> Work instruction
A verbatim repetition of the data below is requested, without images.
[Recorded data Boundary: Start]
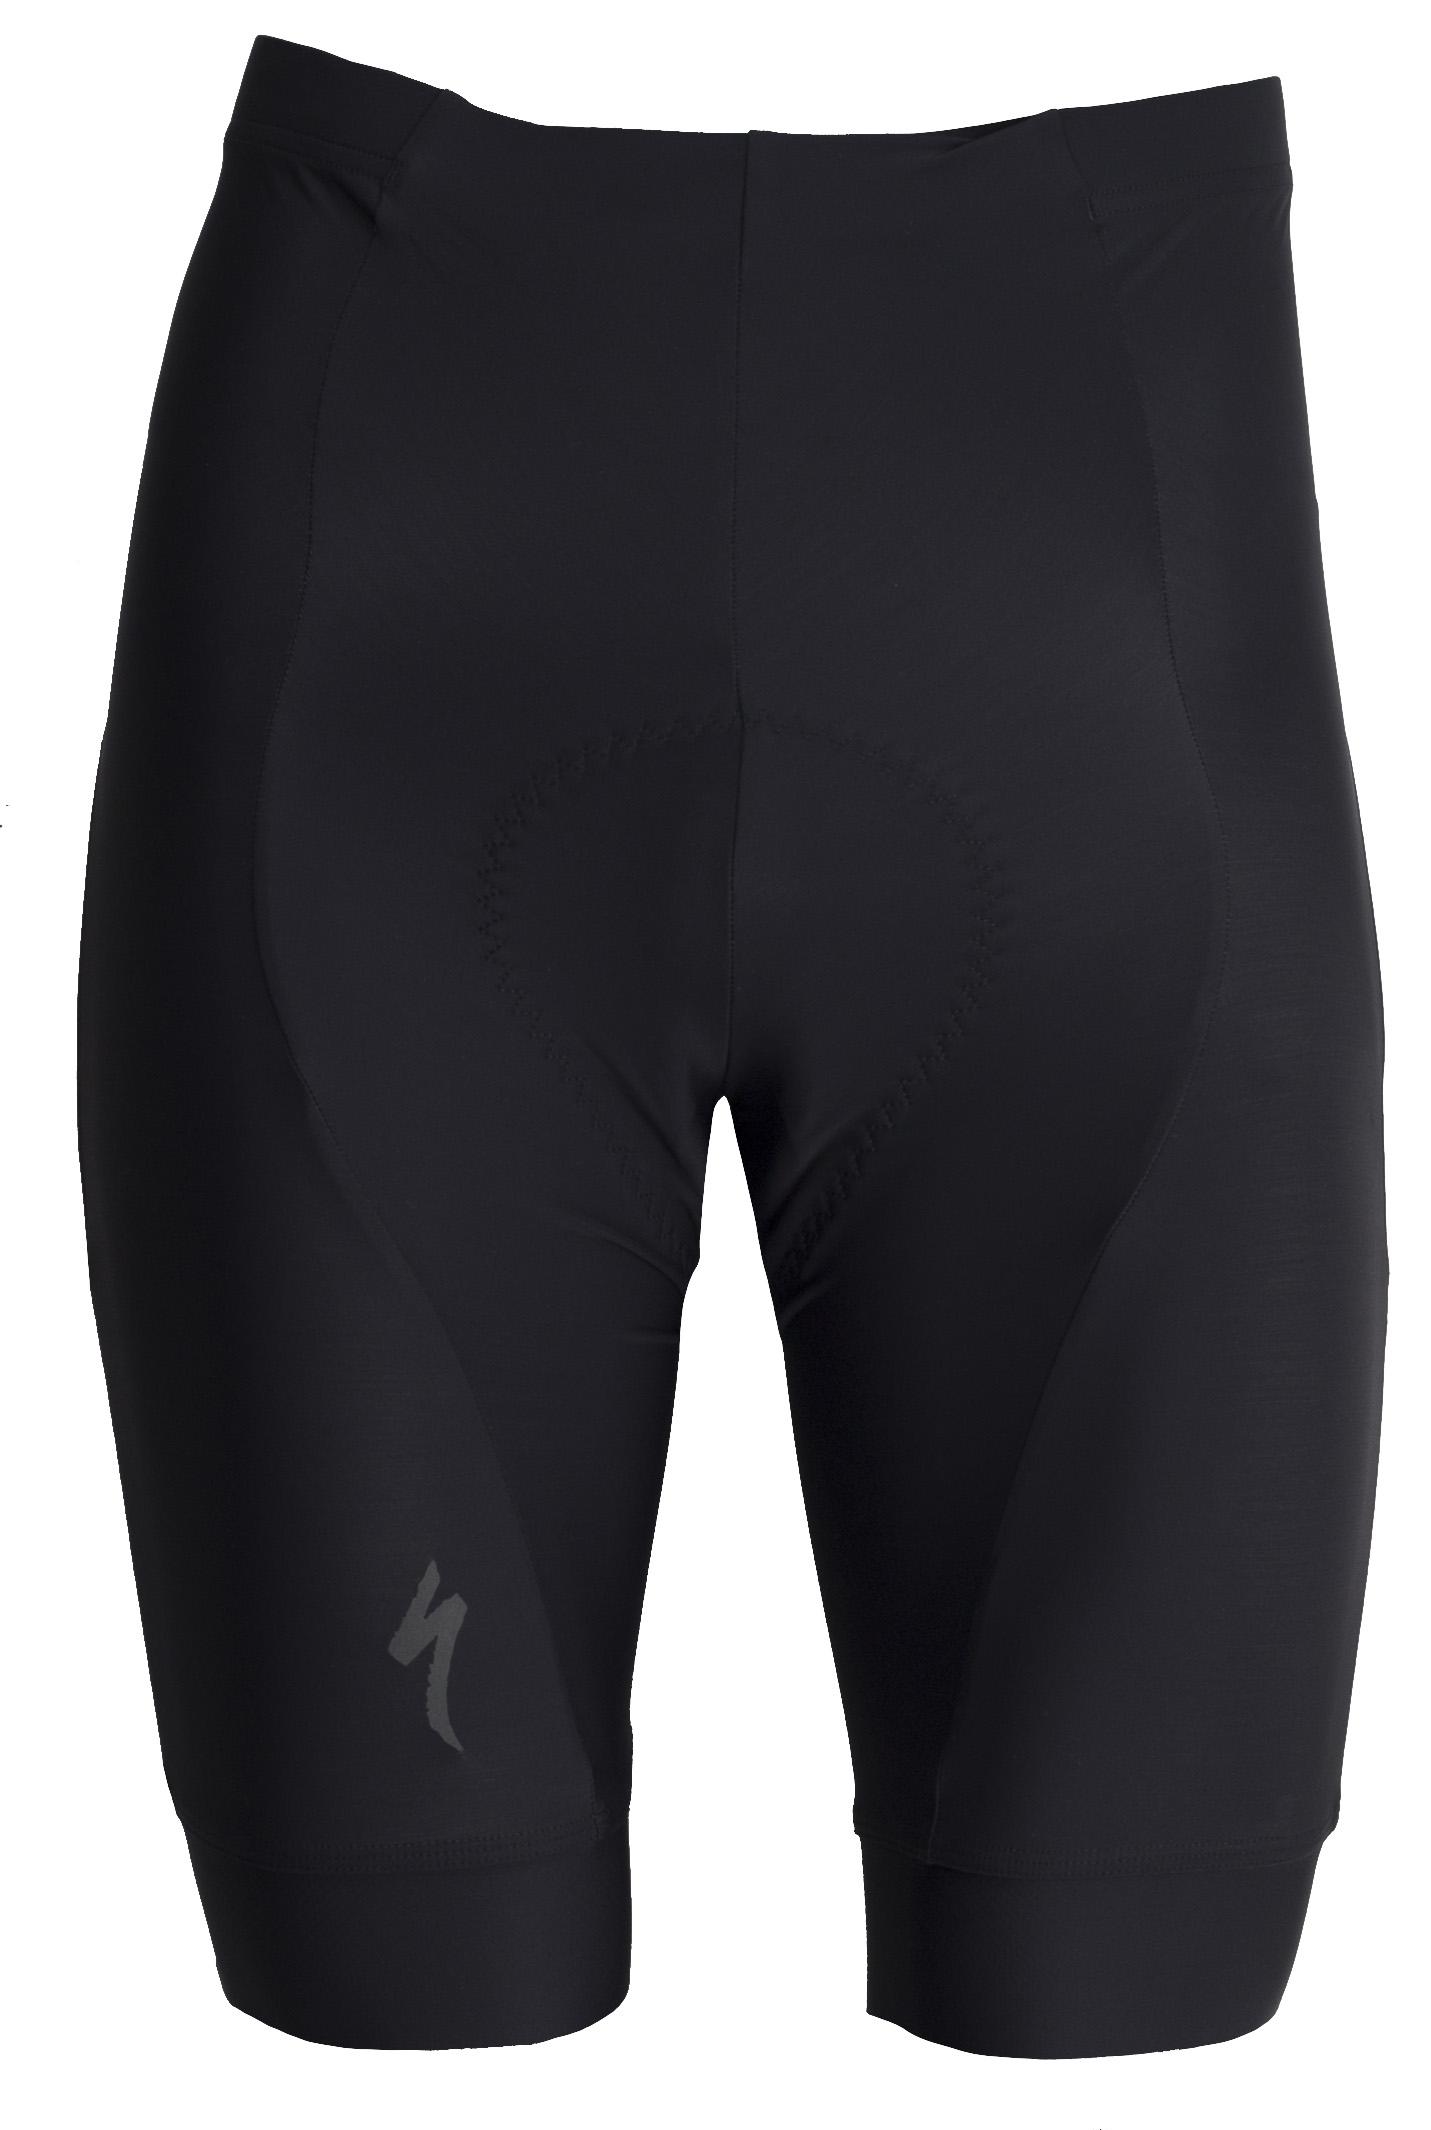 Löffler Mens Radhose radtight Braces Pants Bike Bib Shorts Winner II Black
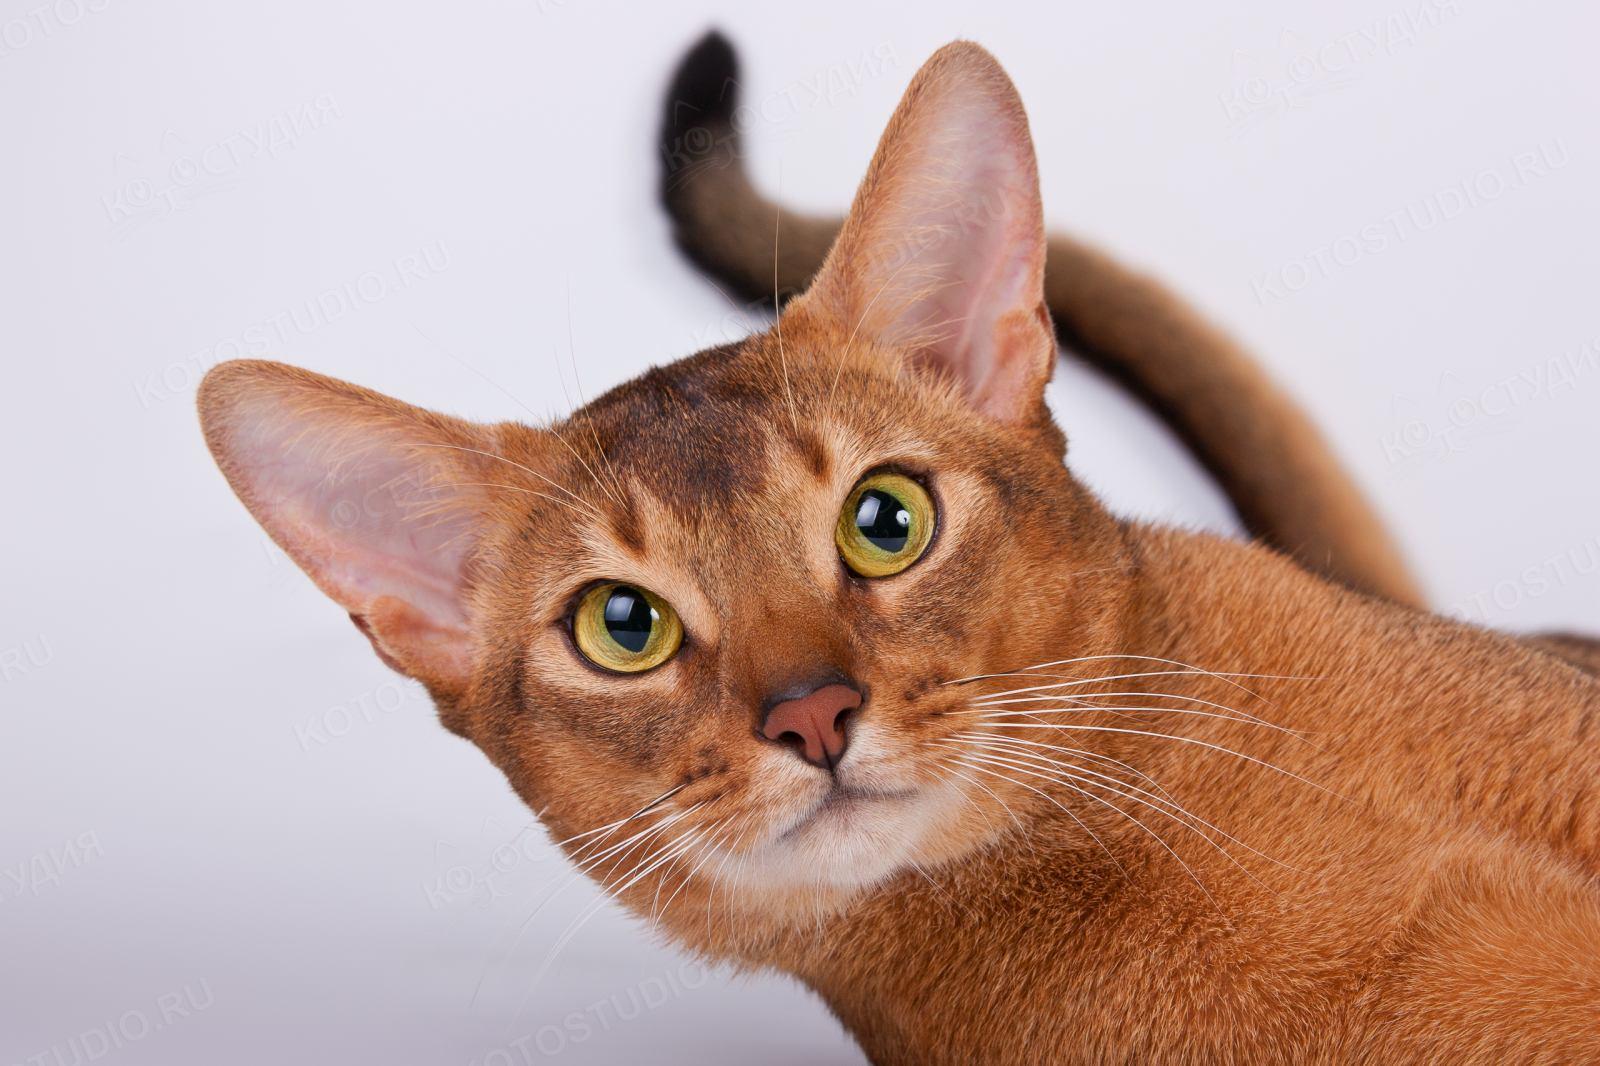 ребенок поклонник абиссинские кошки европейский тип фото следующая фотогалерея фотками
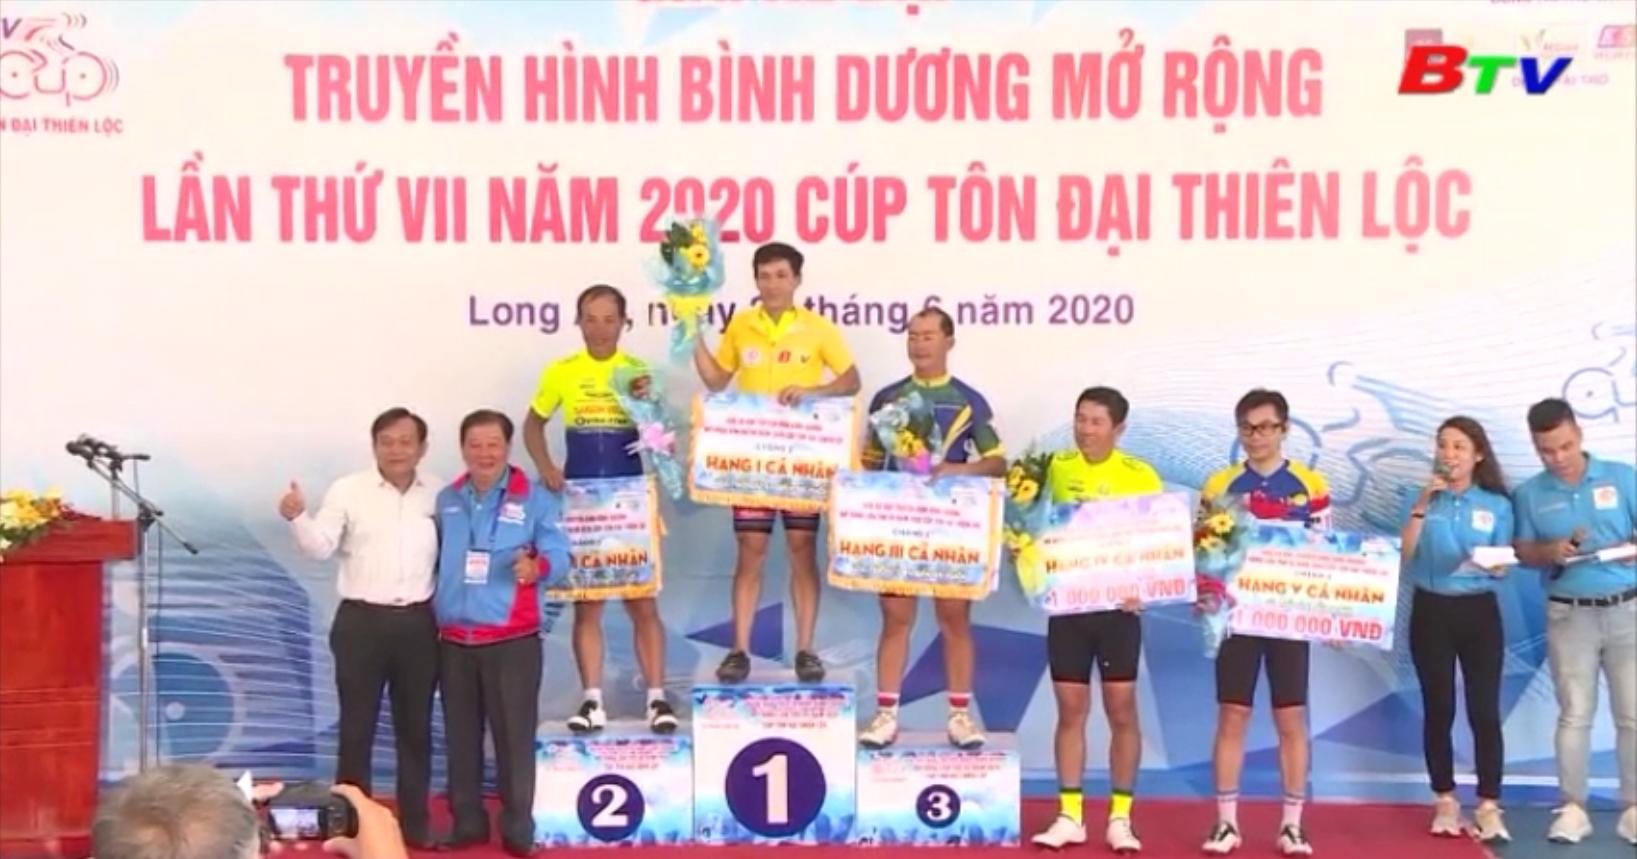 Niềm vui của các tay đua phong trào trong ngày trở lại Giải xe đạp THBD mở rộng lần thứ VII năm 2020
[Recorded data Boundary: End]
> Result of the task
 Löffler Mens Radhose radtight Braces Pants Bike Bib Shorts Winner II Black
 ребенок поклонник абиссинские кошки европейский тип фото следующая фотогалерея фотками
 Niềm vui của các tay đua phong trào trong ngày trở lại Giải xe đạp THBD mở rộng lần thứ VII năm 2020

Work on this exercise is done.